All the transactions with related parties exceeding the materiality thresholds, laid down in Clause 4 of the Policy, are placed before the shareholders for approval.


For this purpose, all entities falling under the definition of related parties shall abstain from voting irrespective of whether the entity is a party to the particular transaction or not.


In addition to the above, all kinds of transactions specified under Section 188 of the Act which (a) are not in the ordinary course of business and at arm’s length basis; and (b) exceed the thresholds laid down in Companies (Meetings of Board and its Powers) Rules, 2014 are placed before the shareholders for its approval.



6. Related Party Transactions not Approved Under This Policy


In the event the Company becomes aware of a transaction with a related party that has not been approved in accordance with this Policy prior to its consummation, the matter shall be reviewed by the Audit Committee. The Audit Committee shall consider all of the relevant facts and circumstances regarding the related party transaction, and shall evaluate all options available to the Company, including ratification, revision or termination of the related party transaction. The Audit Committee shall also examine the facts and circumstances pertaining to the failure of reporting such related party transaction to the Audit Committee under this Policy and failure of the internal control systems, and shall take any such action it deems appropriate.

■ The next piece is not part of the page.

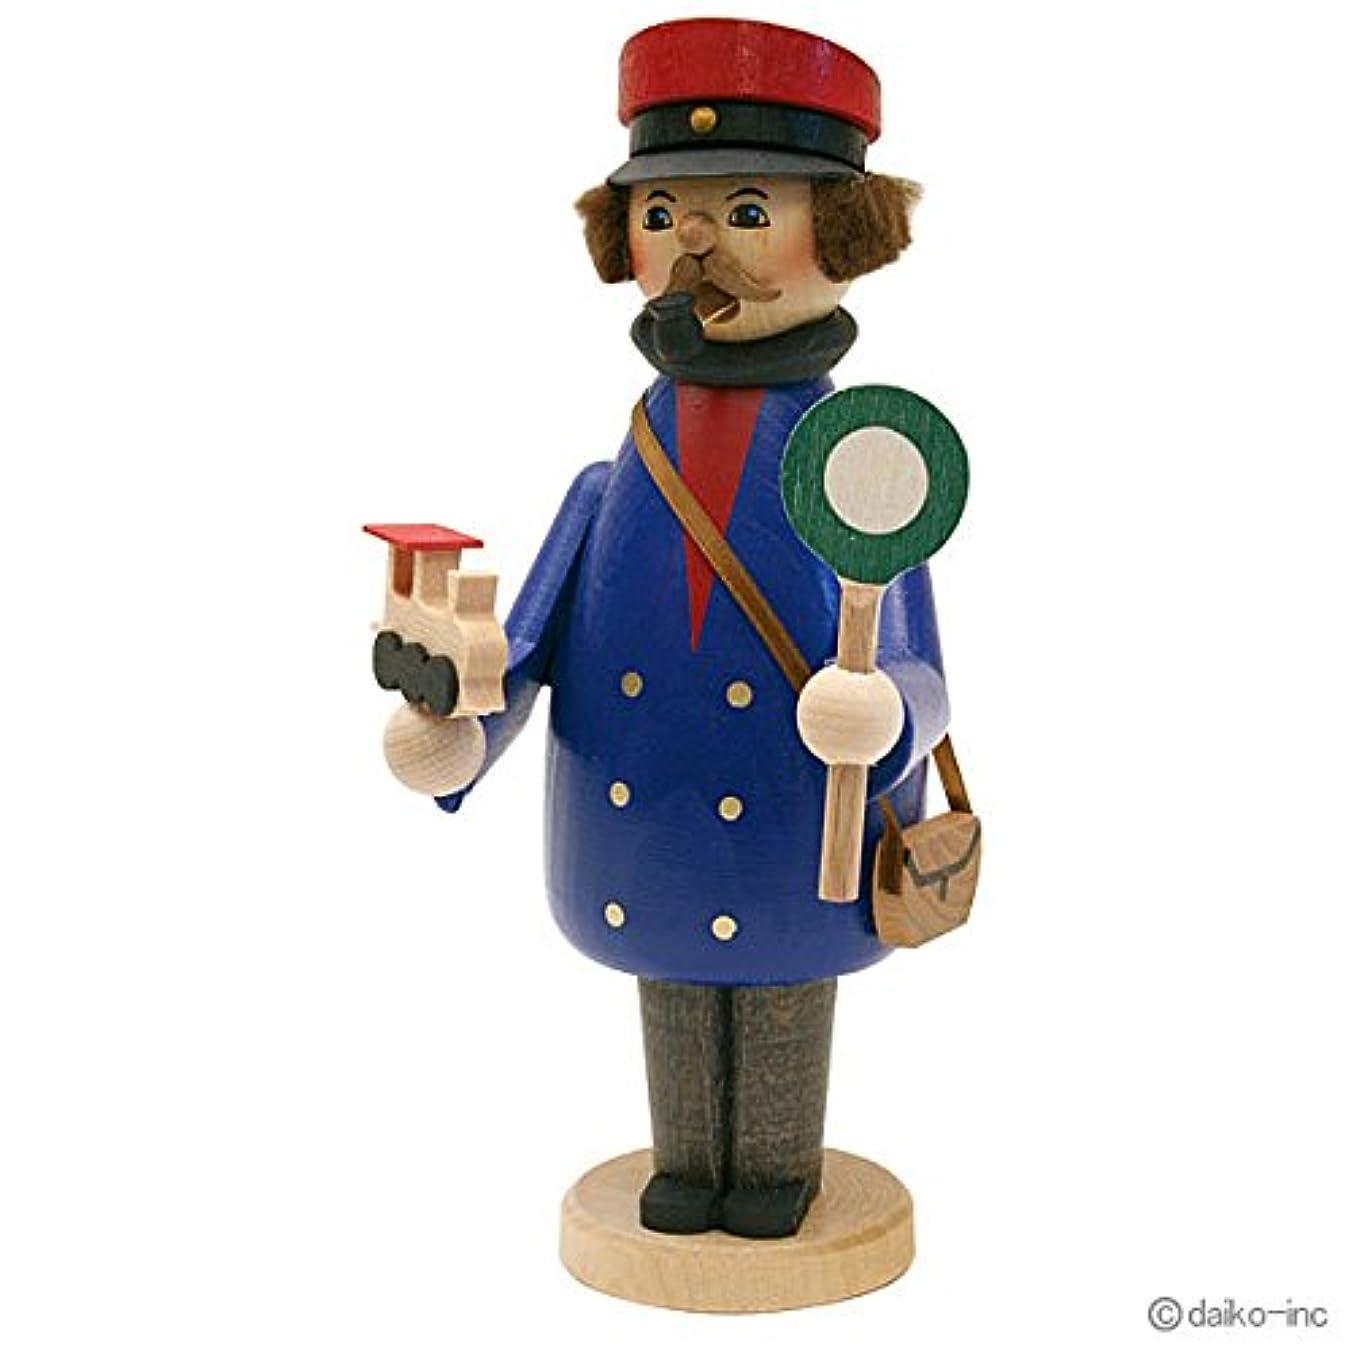 付与同情的区別するkuhnert ミニパイプ人形香炉 鉄道員

In any case, where the Audit Committee determines not to ratify a related party transaction that has been commenced without approval, the Audit Committee, as appropriate, may direct additional actions including, but not limited to, discontinuation of the transaction or seeking the approval of the shareholders, payment of compensation for the loss suffered by the related party etc. In connection with any review/approval of a related party transaction, the Audit Committee has authority to modify or waive any procedural requirements of this Policy.



7. Policy not to Apply in certain Cases


The transactions or arrangements which are specifically dealt under the separate provisions of the laws and executed under separate approvals / procedures shall not be covered under this Policy. Examples of such transactions are as follows :


a. Appointment and payment of remuneration, including any variation, to key Managerial Personnel;

b. Payment of remuneration, fees, Commission etc. to any director in compliance with legal provisions;

c. Issues of shares/ securities to related party;

d. Any benefits, interests etc. arising to related party solely from the ownership of Company’s shares at par with other holders e.g. Dividend, Right Issues, Stock Split, Bonus shares, etc.

e. Shares based incentive plans for the benefits of Directors or KMPs approved by the Shareholders including ESOPs.

f. CSR Contribution;



8. Disclosures


The Company shall disclose, in the Board’s report, transactions prescribed in Section 188(1) of the Act with related parties, which are not in ordinary course of business or arm’s length basis along with the justification for entering into such transaction.


In addition to the above, the Company shall also provide details of all related party transactions exceeding the materiality threshold (laid down in Clause 4 of the Policy above) on a quarterly basis to the stock exchanges.